The memories come back painful, but I somehow manage a small smile. “This little thing? It was a work accident, is all. Fell down on my own knife when cutting the onions. Unfortunately, my pretty face had to pay for it.”

She nods, though I get a sense that she sees right through my fib. At least she feels bad for me, and her glare softens. I decide to change the subject, for her and for the colt who is now squeezing his eyes shut so tight his coat is turning red.

“How long you got until you’re finished?” I ask.

“I got five years. Is that a lot?”

“No, it ain’t. Some ponies are here for twenty years. But after those years, we’re all let go and have our own little life.”

She takes away her glare at me and smiles. “Five years and then freedom? Well, that doesn’t sound too bad.”

“It really ain't,” I lie.

The filly is calm, and she turns her head up to the ceiling. She frowns. “What’s taking him so long?”

I shrugged. “BIG doesn’t like being disturbed. Rider’s one nasty stallion, but he still runs on BIG’s time. So if he’s doing something, Rider has to wait.”

She cocks an eyebrow at me, and says “BIG? That’s the priest’s name?”

“It sure is, and don’t call him anything else unless you’re looking to lose a tongue.”

She flinches back as if just saying it will make it a reality. For the first time since I’ve seen her, she seems frightened. “Does he do that? Really?”

I try my best to smile, but I’m afraid it comes off forced. “Only if you anger him, so just follow his orders and you’ll have nothing to worry about. You and your friend there.”

For the first time in the conversation, we both turned to look at the colt against the wall. He didn’t seem to be paying much attention to anything; he had his eyes gazing absently at the scrubbed hardwood floors and hoof tapping against the wallpaper.

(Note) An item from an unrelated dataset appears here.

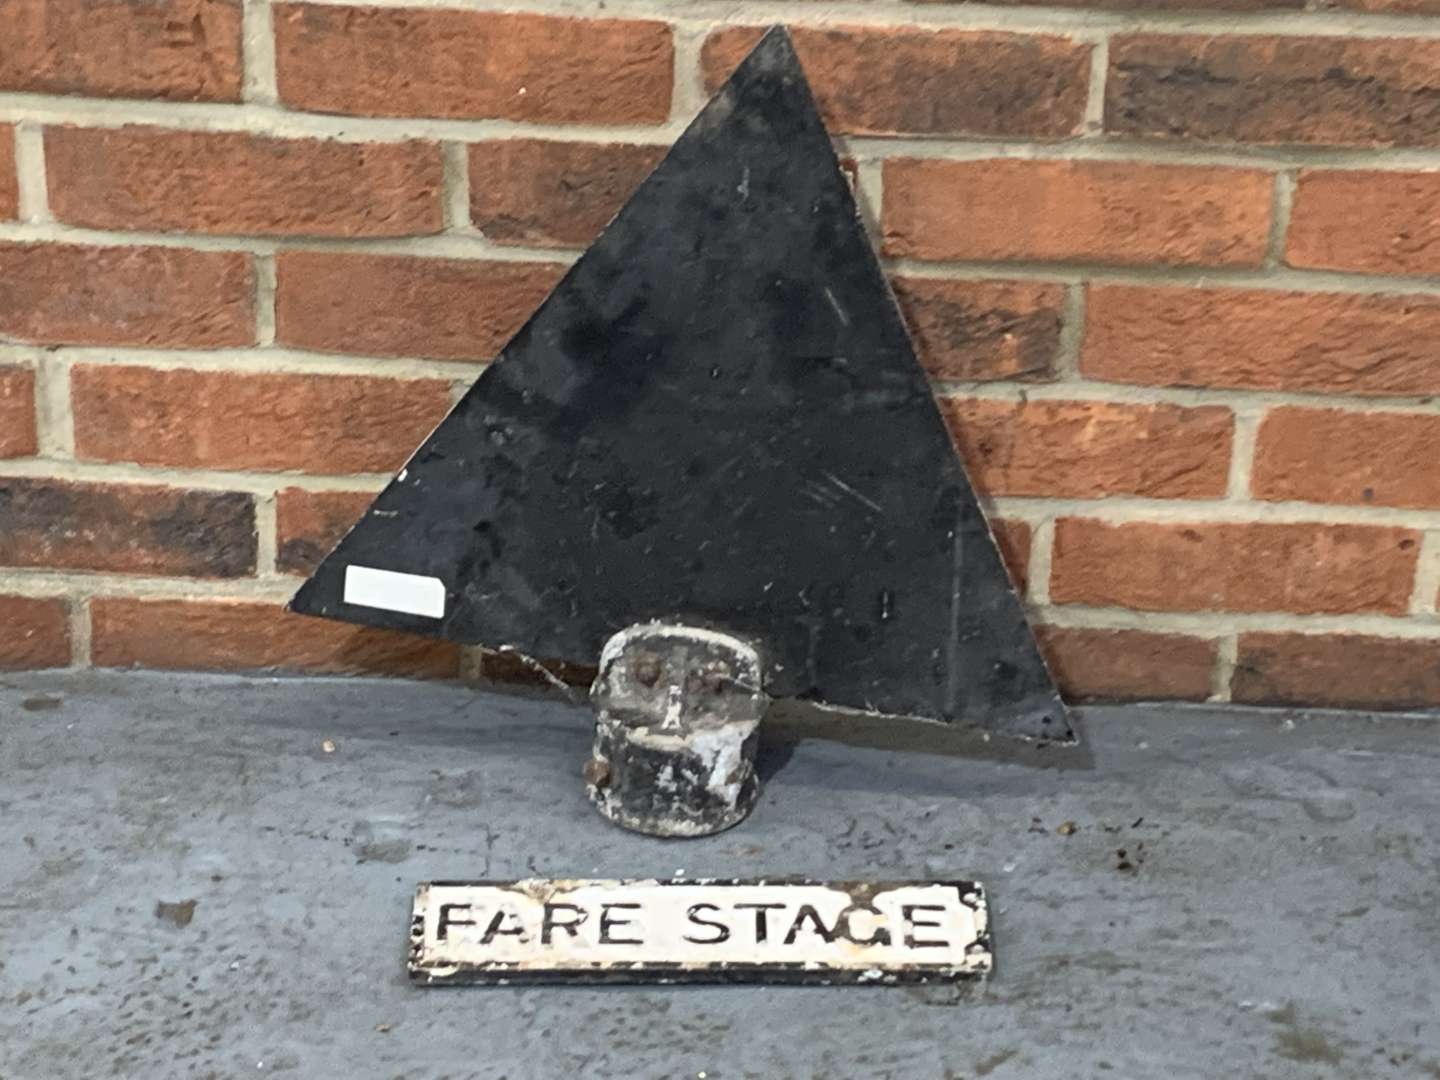 <p>Fare Stage Sign and Triangular Pole Sign</p>

“I don’t know him. They picked him up after me.”

“Nonetheless, you should treat him like family. You’re both in this together, so you have to learn to count on each other and everypony else. You understand.”

Before she was able to nod out an answer, Rider's hooves strike against the stairs once again, this time accompanied by another, more hollow sound that sounded like a fist striking a dead tree.

The filly jumped and looked at me pleadingly. “Will they brand me?”

I suck in a hard breath. Not this question. Anything but that damn question. My underbelly starts to ache as I process the question over and over.

The steps are louder now, sharp and crackling like a whip. She’s staring at me. She needs an answer.

“Yes,” I blurt out. Her face flushes a pale white, and before I can elaborate and ease her worries and tell her it’ll only hurt for a moment if she just stays strong, BIG enters the room with an excited grin.

“Well, well, well mares. What have y’all been talking about.”

“Nothing BIG, sir, “ I say obediently, like a good worker. Like I just didn’t leave a filly afraid of the bad, oblivious to the better. I start shifting carping the table, moving the glasses a little to the right, a little to the left.

I see his eyes bearing down on me, and when they leave I feel no relief.

“Come on new blood, we’ll discuss business outside.”

I hear him walking away, and I sneak a look at the children. The filly doesn’t look back, and the colt looks like he wants to disappear forever. I feel like I failed somehow, and my own private candle starts to die.

Down the hall, with one final taunt, BIG calls out, “Thanks for the help, Red!”